Starting with the line below that holds "Salon Ambience SH2776" and stopping after the line that holds "dragon images for", transcribe the lines exactly, leaving out all pictures.

*** Data for processing ***

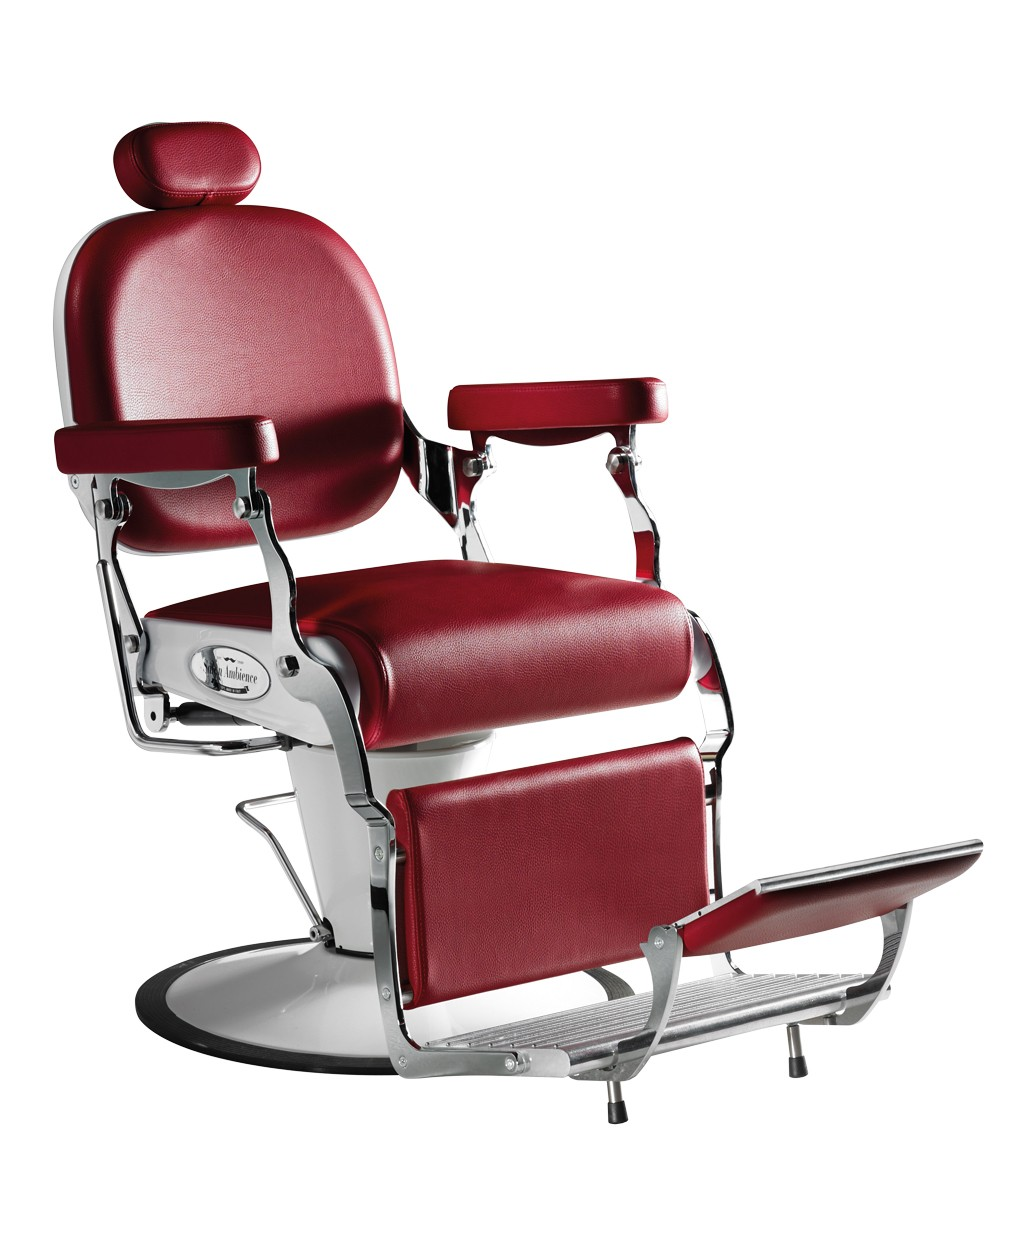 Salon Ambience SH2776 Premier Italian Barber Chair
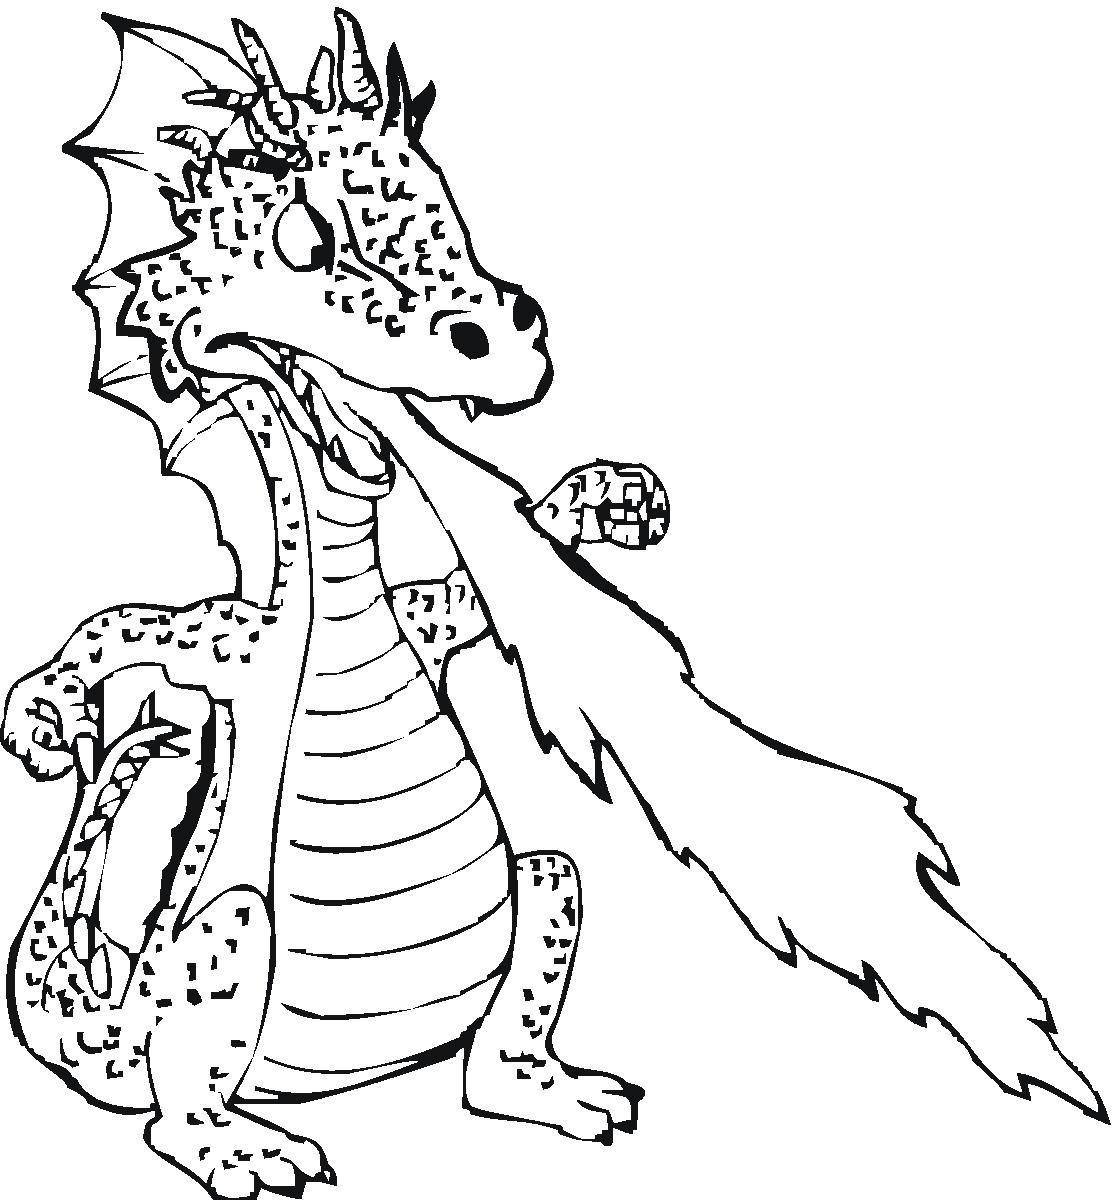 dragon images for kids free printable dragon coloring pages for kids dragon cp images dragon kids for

***
*** Data for processing ***

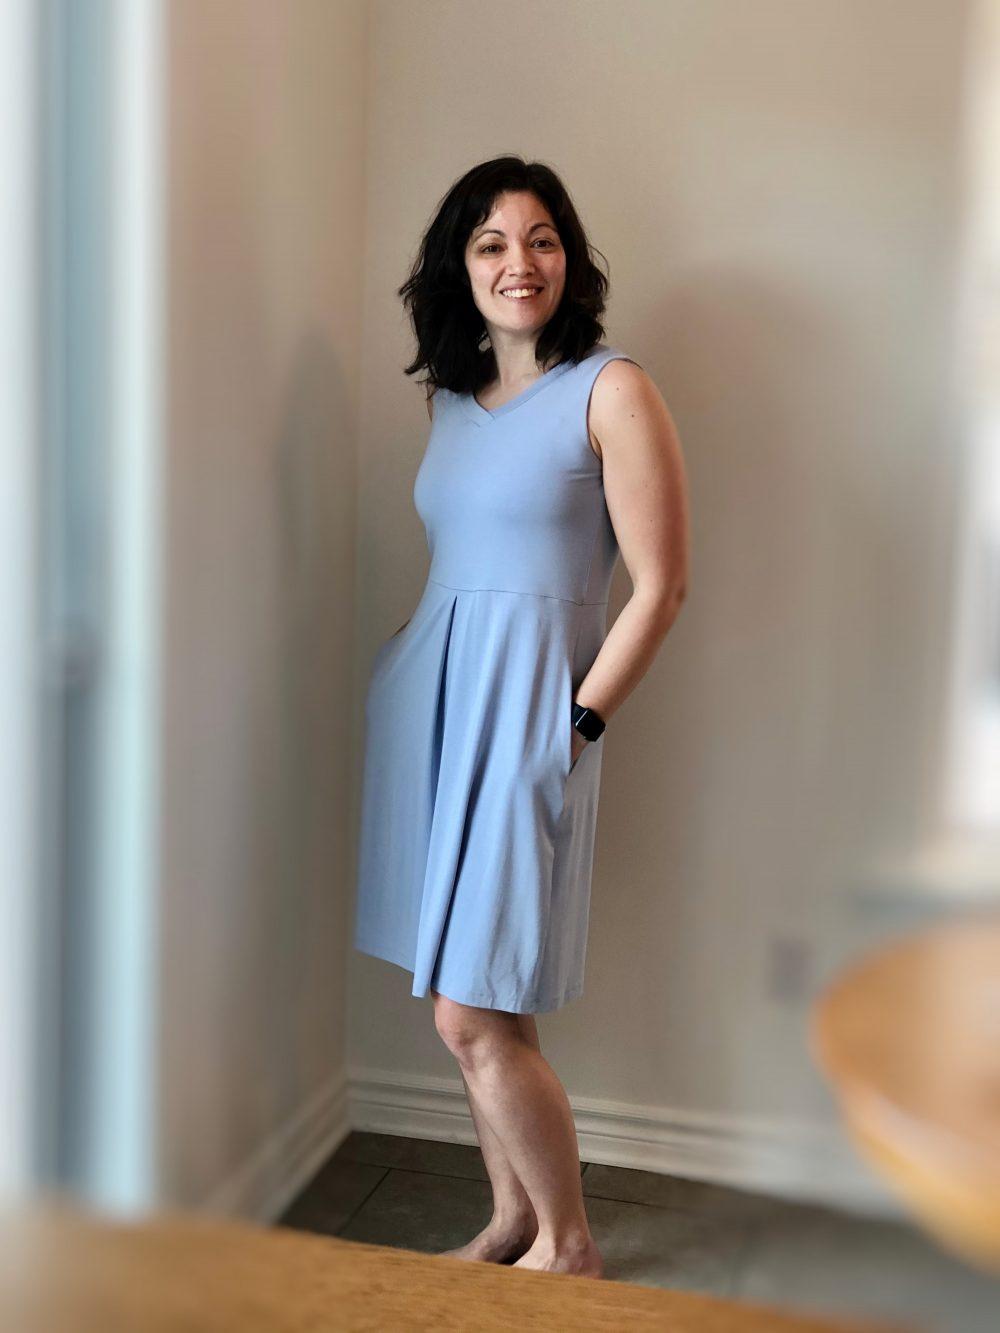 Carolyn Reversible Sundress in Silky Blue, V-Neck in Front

***

Answer to the problem:
 Salon Ambience SH2776 Premier Italian Barber Chair
 dragon images for kids free printable dragon coloring pages for kids dragon cp images dragon kids for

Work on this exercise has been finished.